The Word Search game showed the most promise as a cognitive activity that helps older adults to reach a flow state. All the games kept the participants engaged for 30 minutes. In fact, the simple rules of Whack-a-Mole game allowed a participant with moderate dementia to tolerate and enjoy the sessions. The length of sessions of a minimum of 30 minutes has shown to have an effect on older adults’ cognitive functions. ¹⁷ Thus, games similar to the four in Vibrant Minds can be used to engage older adults living with dementia in flow-producing activities, either in a supportive housing or community organization context.

Limitations

This study had some methodological limitations. The main limitation was the presence of short baselines. There were four participants with only two data points, and eight with three data points at the baseline.
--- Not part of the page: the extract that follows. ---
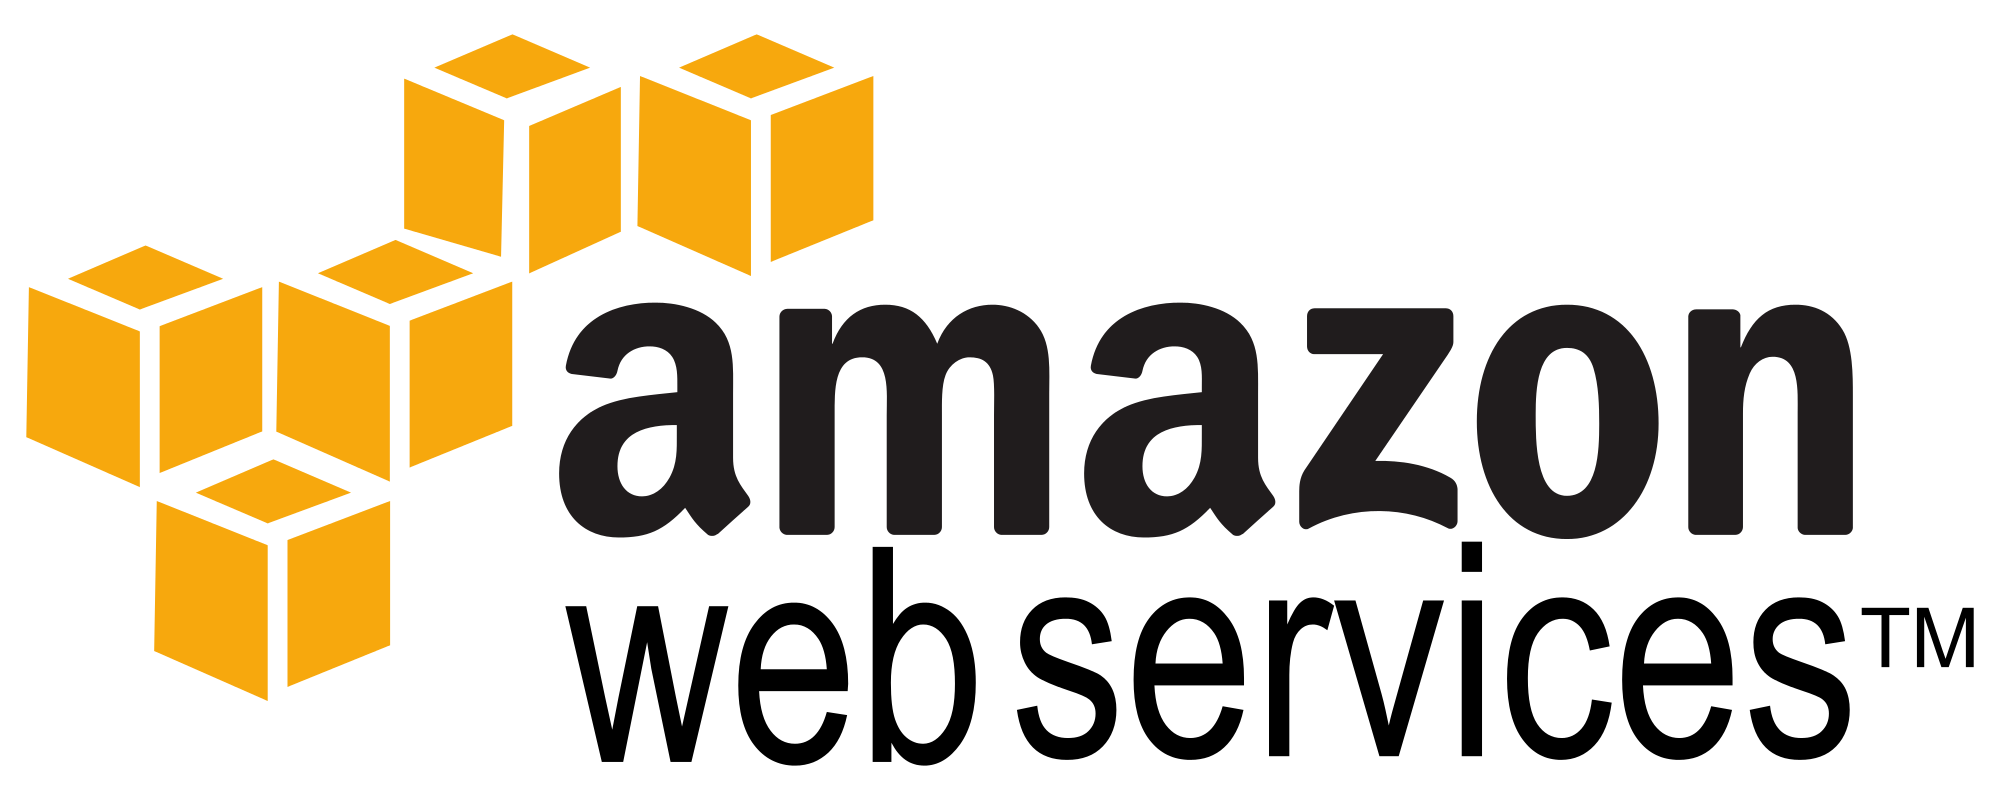 AmazonWebservices_Logo.svg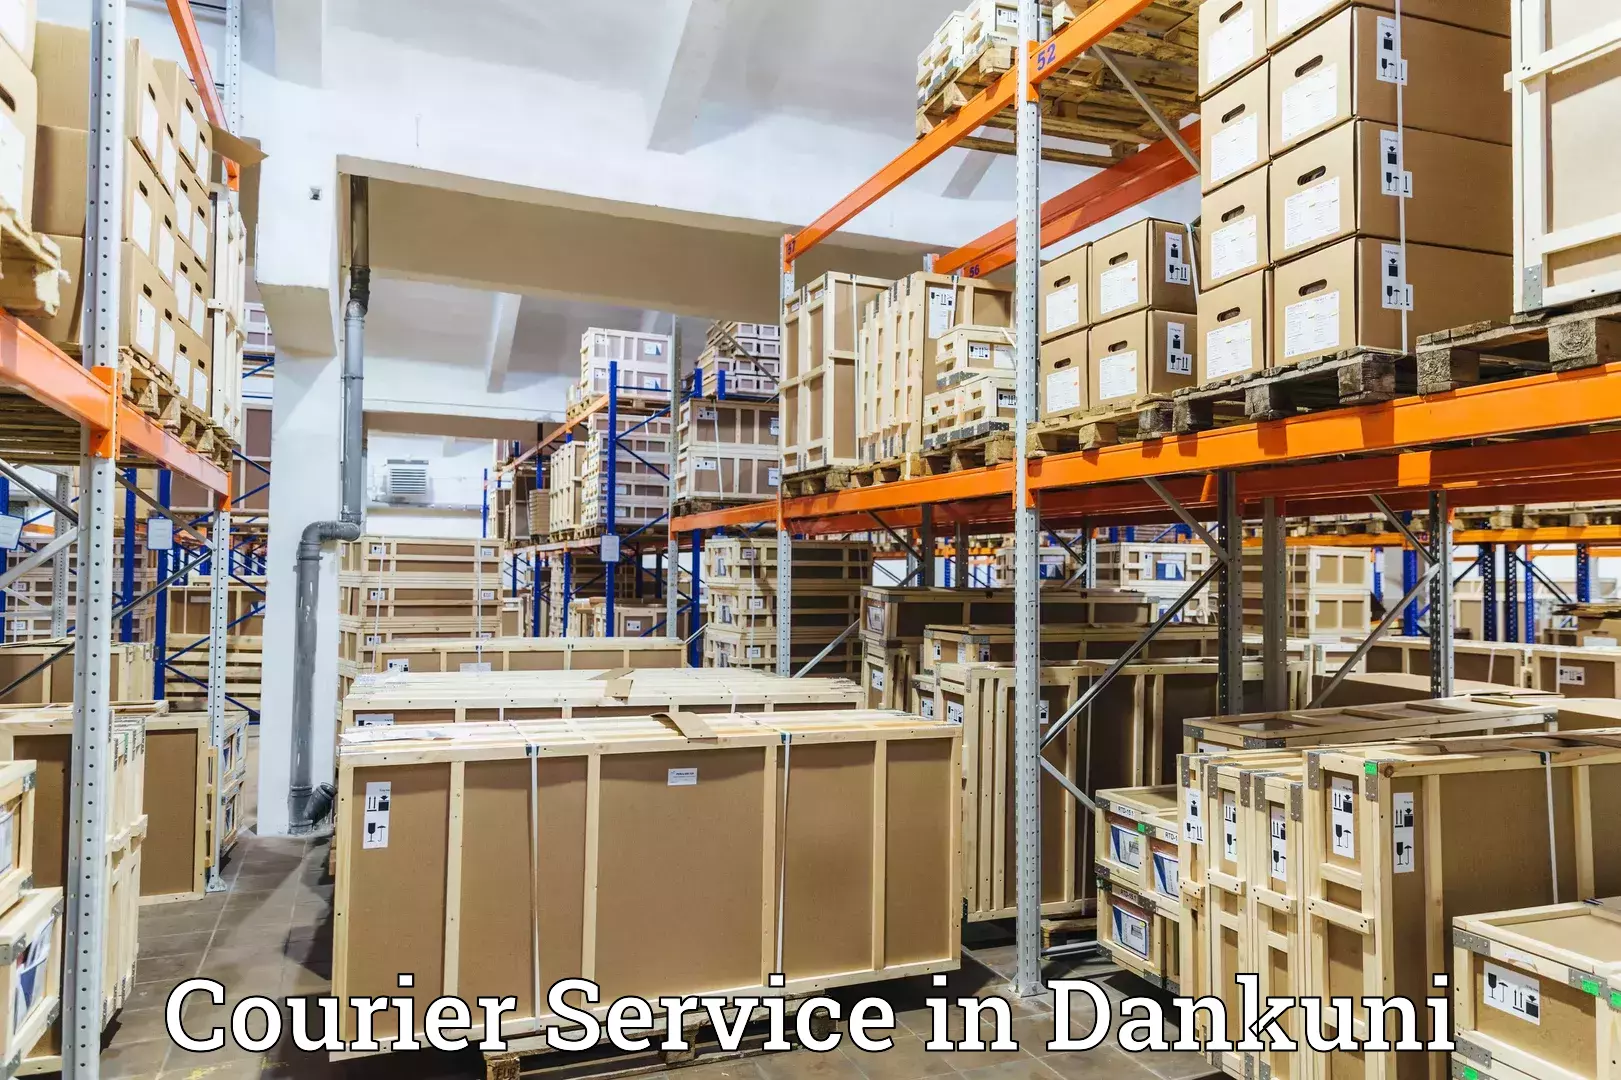 Courier services in Dankuni

With such short baselines, some changes that may have occurred over time could not be captured; for example, a decreased trend in affect and engagement during the baseline. From the TMT B-A results, we observed that seven out of the ten participants whose best performance in the test was after the baseline ended had between two and three data points at the baseline, which was between one and one and a half weeks between the measurement times. The TMT was found to have large practice effects when administered less than six weeks apart. ³⁶ Thus, the performance at the end of the baseline for these participants could have been impacted by the short baselines. Second, the version of MoCA we used in all the measurement points was the same. The results could respond to the practice effect even in those participants with dementia. Third, we observed considerable variability in the participants’ cognitive measures performance. Fourth, there were some technical and space issues; for example, there were problems with the Wi-Fi, the mobile games stopped working or automatically restarted, or the room assigned to our study was double-booked, so the participants had to move to a different room. Fifth, a few times we conducted two sessions on the same day due to the participants having other commitments.

Conclusion

This study shows that older adults with and without dementia tended to experience engagement in flow-producing activities and feel positive affect while playing four mobile games developed for cognitive training. However, the levels of engagement and affect were not statistically higher while playing the mobile games compared with those doing paper-based cognitive activities. Although the cognitive measures showed considerable variability between the measurement times, engagement in cognitive activities in the form of mobile games has the potential to positively impact the cognitive skills assessed by the MoCA in some older adults, in particular the oldest ones and those with dementia. The results indicate feasibility and acceptability of the intervention, and inform on the design of future studies with larger sample sizes, longer interventions, and outcome measures that account for the variability in the performance of older adults with dementia.

Acknowledgements

We would like to thank the study participants and sites (Alzheimer Society of Alberta and Northwest Territories, Revera) for contributing their time and feedback. We would also like to thank the research assistants, occupational therapy and computing science students, for their help with developing the Vibrant Minds games and with collecting and analyzing the data. Finally, we would like to thank Burn Evans and Ken Yu for their contributions to the game designs and instructional videos.

Disclosure statement

No potential conflict of interest was reported by the authors.

Additional information

Funding

This study was funded by Aging Gracefully across Environments using Technology to Support Wellness Networks of Centers of Excellence (AGE-WELL NCE).